然而,它在返回第一行后停止了。第二次调用返回了1, "", nil

有人有任何想法,或者这是一个错误吗?

英文:

I am trying to write a scanner in Go that scans continuation lines and also clean the line up before returning it so that you can return logical lines. So, given the following SplitLine function (Play):

func ScanLogicalLines(data []byte, atEOF bool) (int, []byte, error) {
	if atEOF && len(data) == 0 {
		return 0, nil, nil
	}
	
 	i := bytes.IndexByte(data, '\n')
	for i > 0 && data[i-1] == '\\' {
		fmt.Printf("i: %d, data[i] = %q\n", i, data[i])
		i = i + bytes.IndexByte(data[i+1:], '\n')
	}

	var match []byte = nil
	advance := 0
    switch {
	case i >= 0:
		advance, match = i + 1, data[0:i]
 	case atEOF: 
		advance, match = len(data), data
	}
	token := bytes.Replace(match, []byte("\\\n"), []byte(""), -1)
	return advance, token, nil
}

func main() {
	simple := `
Just a test.

See what is returned. \
when you have empty lines.

Followed by a newline.
`

	scanner := bufio.NewScanner(strings.NewReader(simple))
	scanner.Split(ScanLogicalLines)
	for scanner.Scan() {
		fmt.Printf("line: %q\n", scanner.Text())
	}
}

I expected the code to return something like:

line: "Just a test."
line: ""
line: "See what is returned, when you have empty lines."
line: ""
line: "Followed by a newline."

However, it stops after returning the first line. The second call return 1, "", nil.

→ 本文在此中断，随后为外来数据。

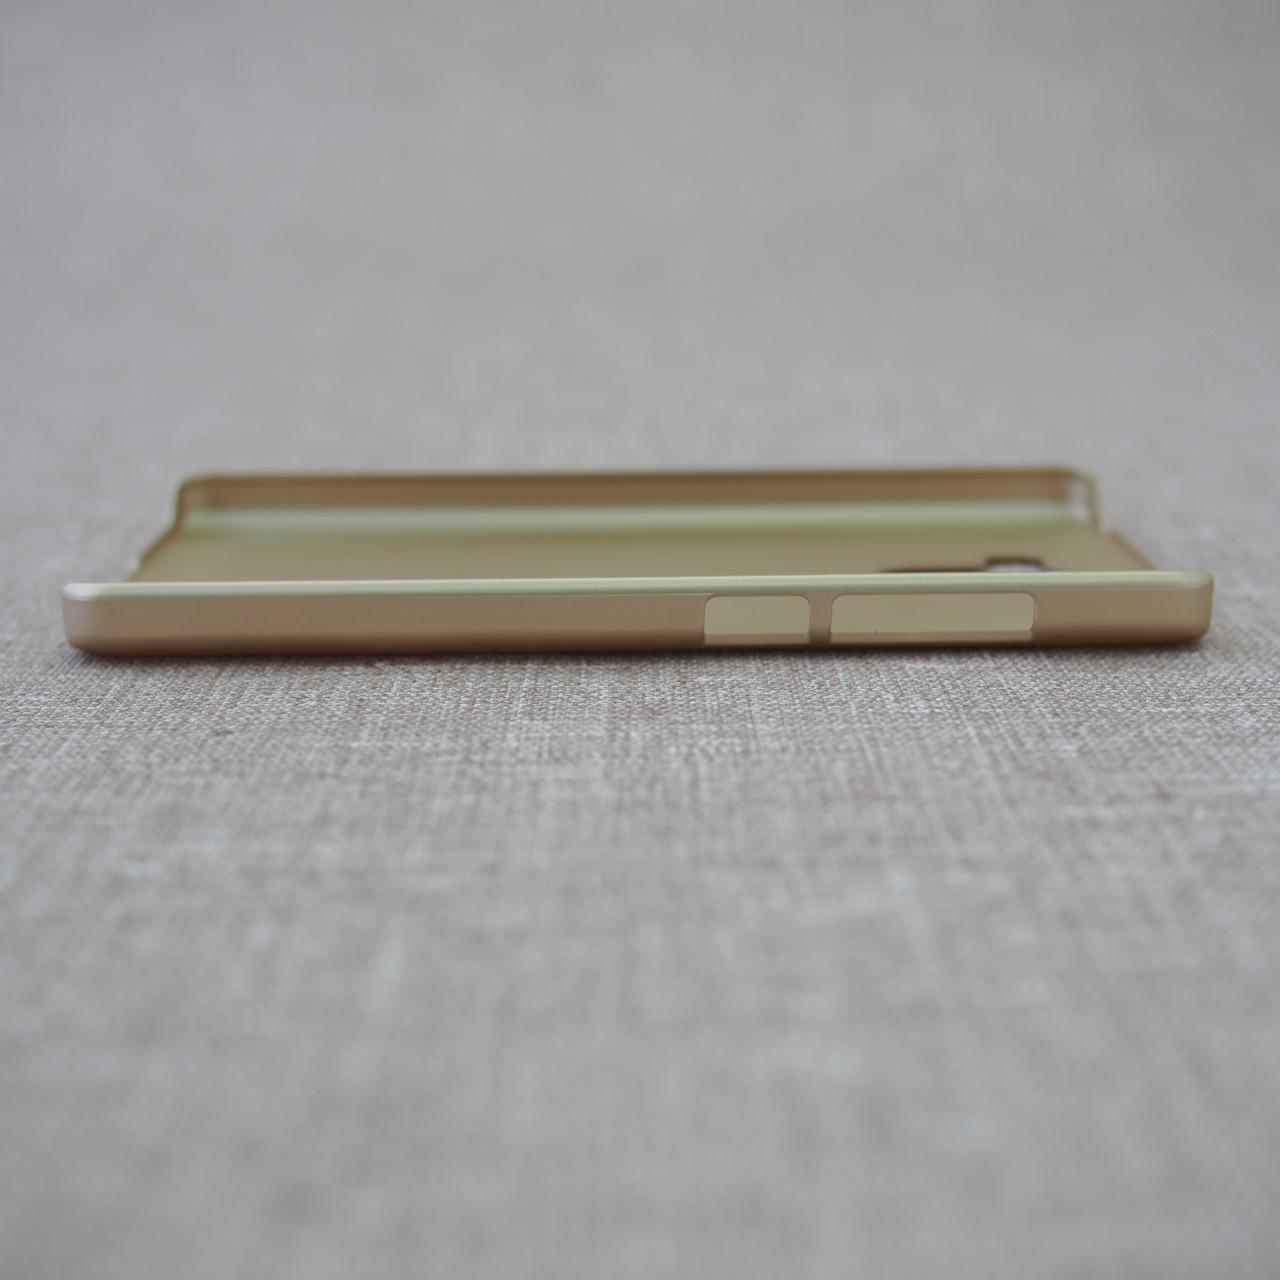 Nillkin Super Frosted Shield Xiaomi Redmi 4 gold Для телефона

Anybody have any ideas, or is it a bug?

答案1

得分: 7

我会将以下内容翻译为中文:

我认为这是一个错误,因为一个大于0的advance值并不意味着需要进行进一步的读取调用,即使返回的标记为nil(bufio.SplitFunc):

如果数据还没有完整的标记,例如在扫描行时没有换行符,SplitFunc可以返回(0,nil),以向Scanner信号表示将更多数据读入切片中,并尝试使用从输入中相同点开始的更长的切片再次尝试。

发生的情况如下

bufio.Scanner的输入缓冲区默认为4096字节。这意味着如果可能的话,它会一次性读取这么多数据,然后执行分割函数。在您的情况下,扫描器可以一次性读取您的输入,因为它远远低于4096字节。这意味着它将执行的下一次读取将导致EOF,这是主要问题。

逐步进行

  1. scanner.Scan读取所有数据
  2. 您获取到所有的文本
  3. 您寻找一个标记,找到第一个换行符,只有一个换行符
  4. 您通过从匹配中删除换行符来返回nil作为标记
  5. scanner.Scan假设:用户需要更多数据
  6. scanner.Scan尝试读取更多数据
  7. EOF发生
  8. scanner.Scan尝试最后一次标记化
  9. 您找到"Just a test."
  10. scanner.Scan尝试最后一次标记化
  11. 您寻找一个标记,找到第三行,只有一个换行符
  12. 您通过从匹配中删除换行符来返回nil作为标记
  13. scanner.Scan看到nil标记并设置错误(EOF
  14. 执行结束

如何规避

任何非nil的标记都可以防止这种情况发生。只要返回非nil的标记,扫描器就不会检查EOF并继续执行您的标记化程序。

您的代码返回nil标记的原因是bytes.Replace在没有任何操作时返回nilappend([]byte(nil), nil...) == nil。您可以通过返回一个容量为0且没有元素的切片来防止这种情况发生,因为这将是非nil的:make([]byte, 0, 1) != nil

英文:

I would regard this as a bug because an advance value > 0
is not intended to make a further read call, even when the returned token is nil (bufio.SplitFunc):

> If the data does not yet hold a complete token, for instance if it has no newline while scanning lines, SplitFunc can return (0, nil) to signal the Scanner to read more data into the slice and try again with a longer slice starting at the same point in the input.

What happens is this

The input buffer of the bufio.Scanner defaults to 4096 byte. That means that it reads up to this
amount at once if it can and then executes the split function. In your case the scanner can read your input all at once as it is well below 4096 byte. This means that the next read it will do results in EOF which is the main problem here.

Step by step

  1. scanner.Scan reads all your data
  2. You get all the text that is there
  3. You look for a token, you find the first newline which is only one newline
  4. You return nil as a token by removing the newline from the match
  5. scanner.Scan assumes: user needs more data
  6. scanner.Scan attempts to read more
  7. EOF happens
  8. scanner.Scan tries to tokenize one last time
  9. You find "Just a test."
  10. scanner.Scan tries to tokenize one last time
  11. You look for a token, you find the third line which is only one newline
  12. You return nil as a token by removing the newline from the match
  13. scanner.Scan sees nil token and set error (EOF)
  14. Execution ends

How to circumvent

Any token that is non-nil will prevent this. As long as you return non-nil tokens the
scanner will not check for EOF and continues executing your tokenizer.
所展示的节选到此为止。